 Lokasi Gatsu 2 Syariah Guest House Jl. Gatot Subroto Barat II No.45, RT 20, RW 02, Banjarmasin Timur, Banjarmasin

---

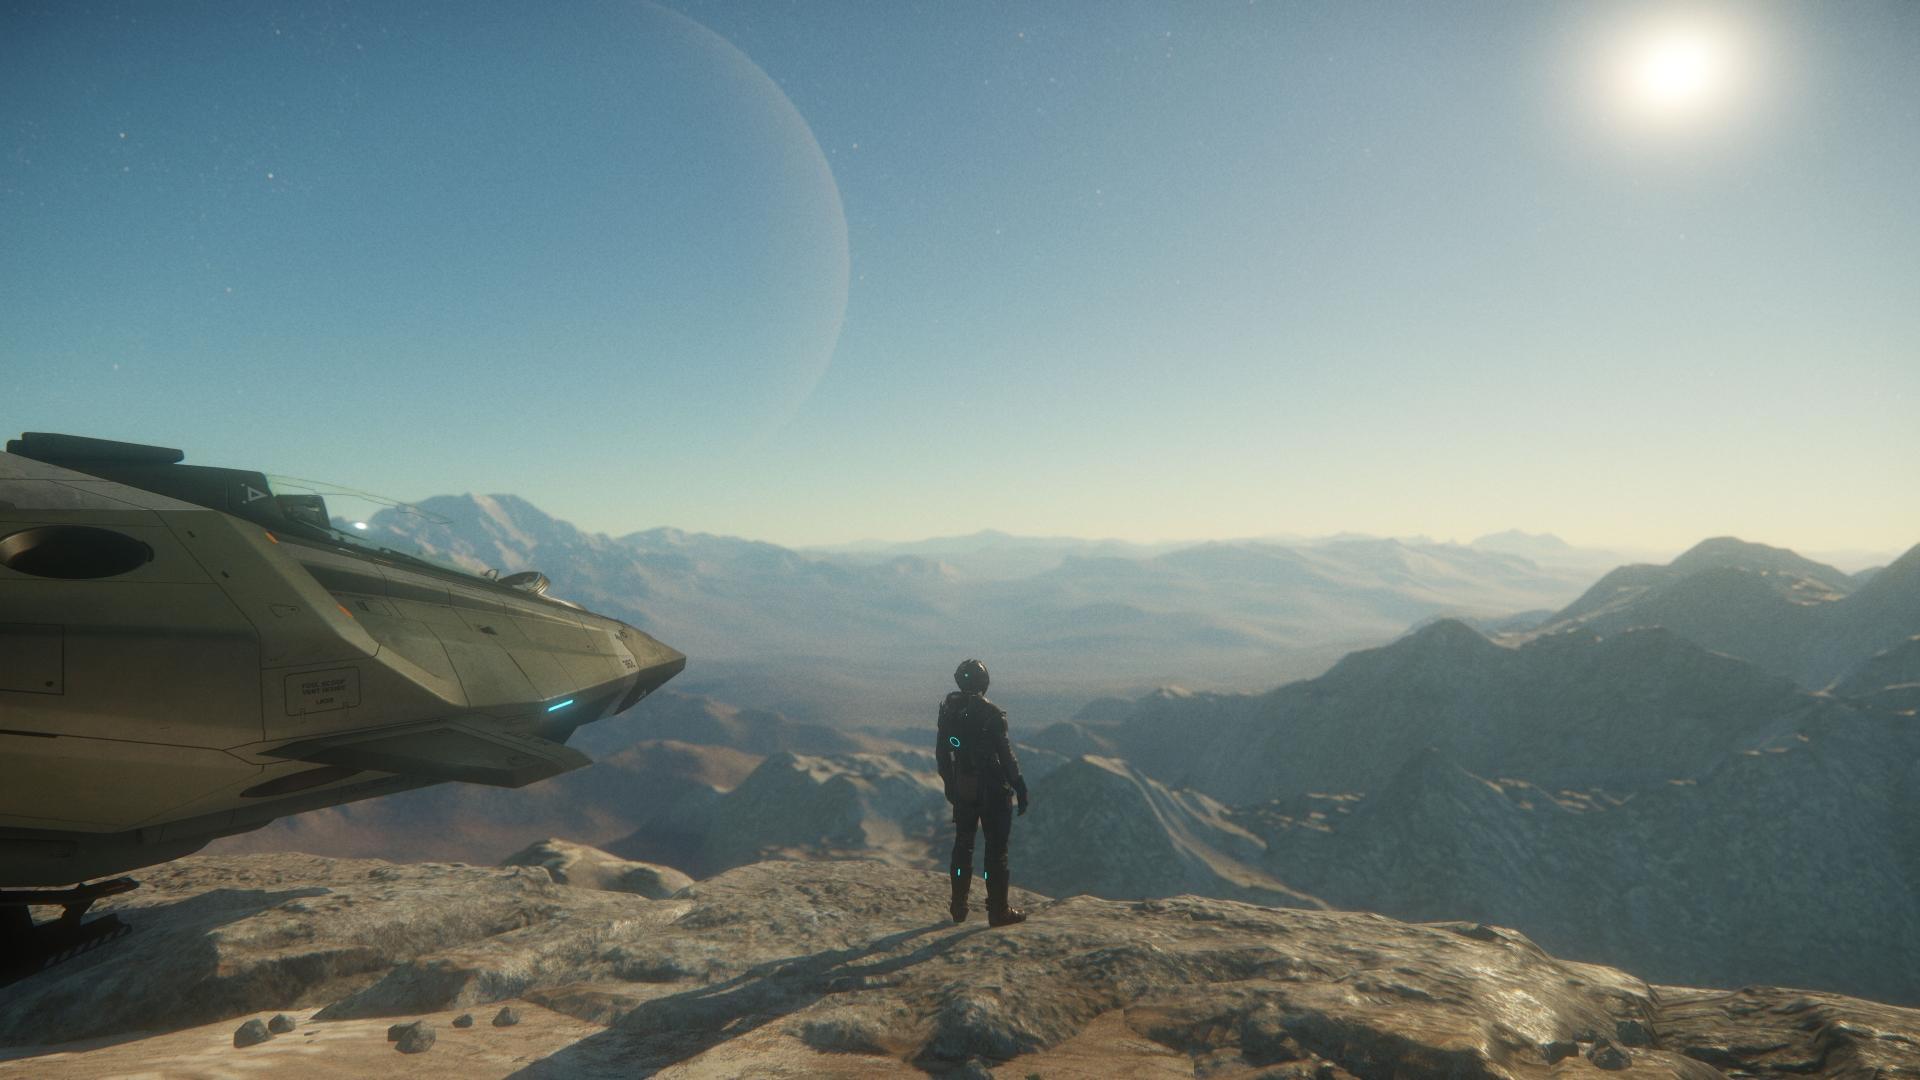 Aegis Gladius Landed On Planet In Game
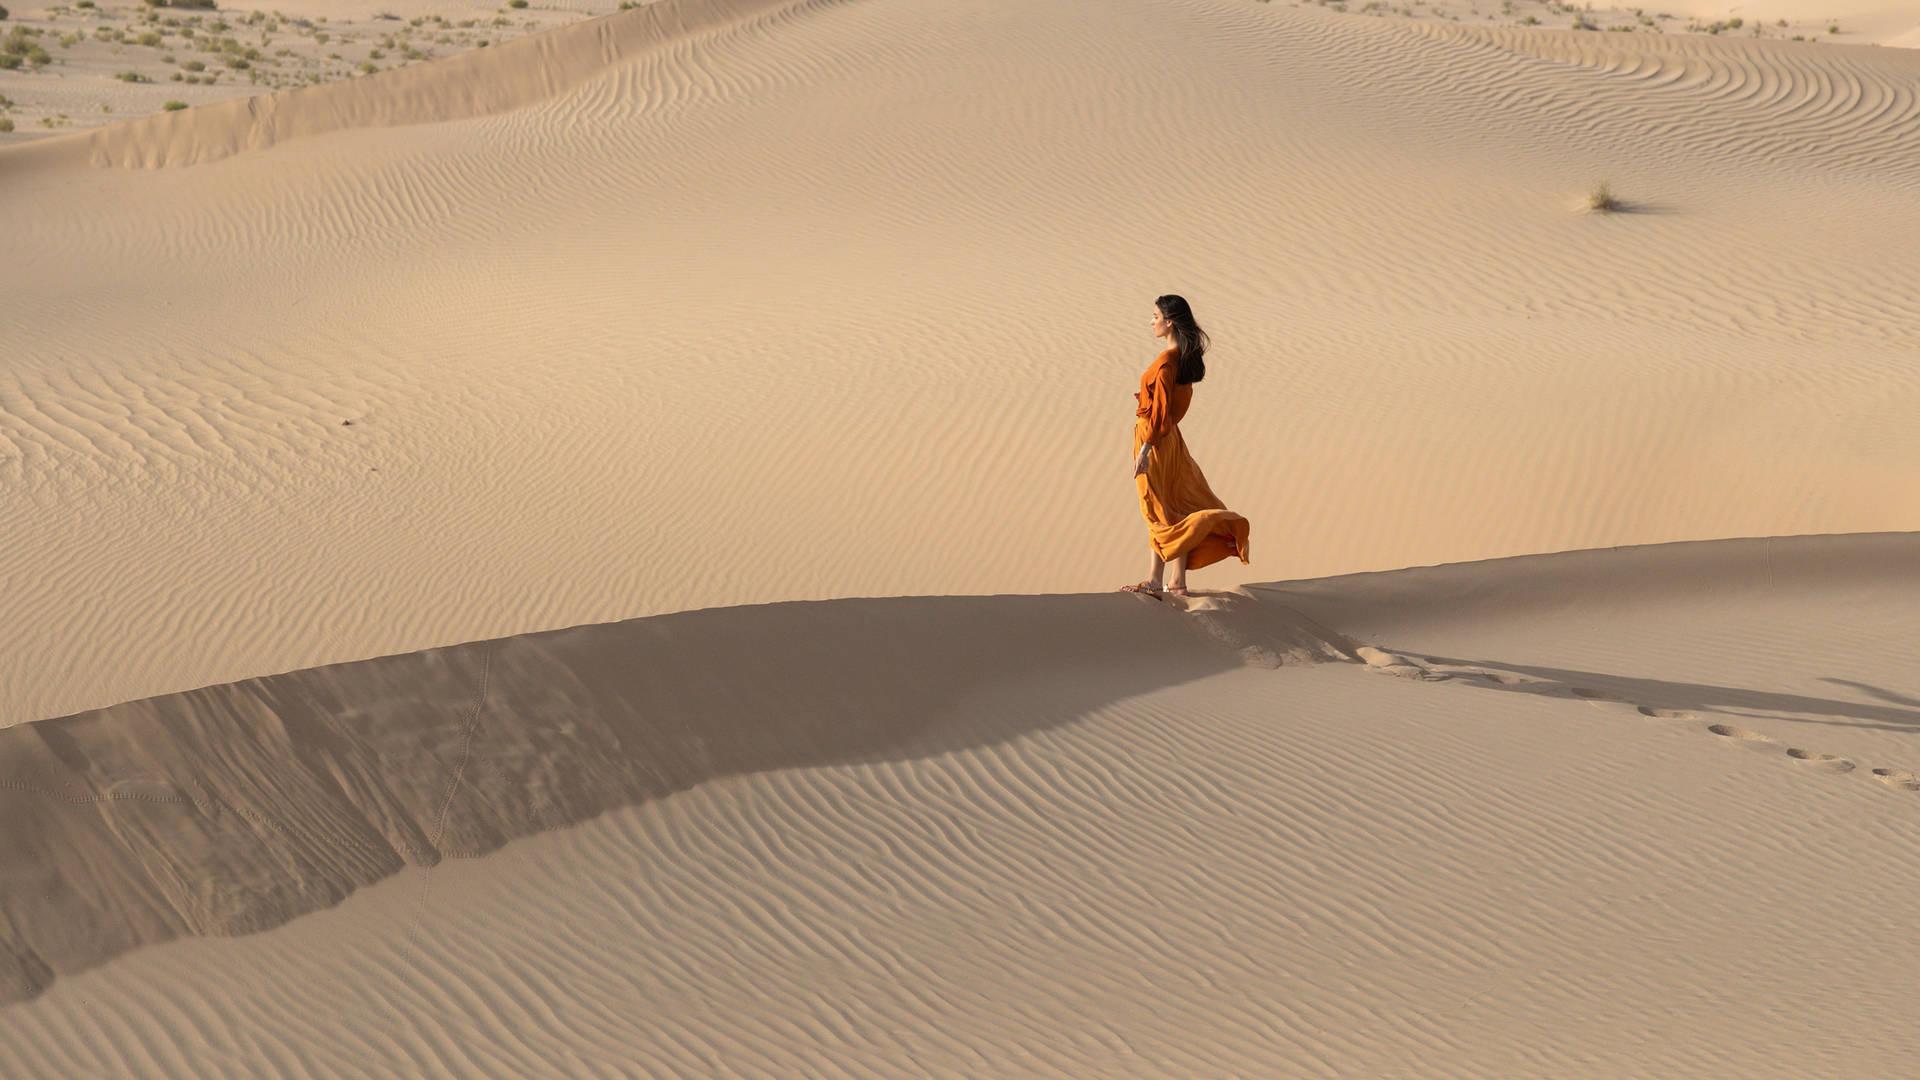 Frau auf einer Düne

**What to produce:** Print, exactly, each line above from the one with "Aegis Gladius Landed On Planet In Game" to the one with "Frau auf einer Düne", end lines included. Leave pictures out of it.

**Response:**
 Aegis Gladius Landed On Planet In Game
 Frau auf einer Düne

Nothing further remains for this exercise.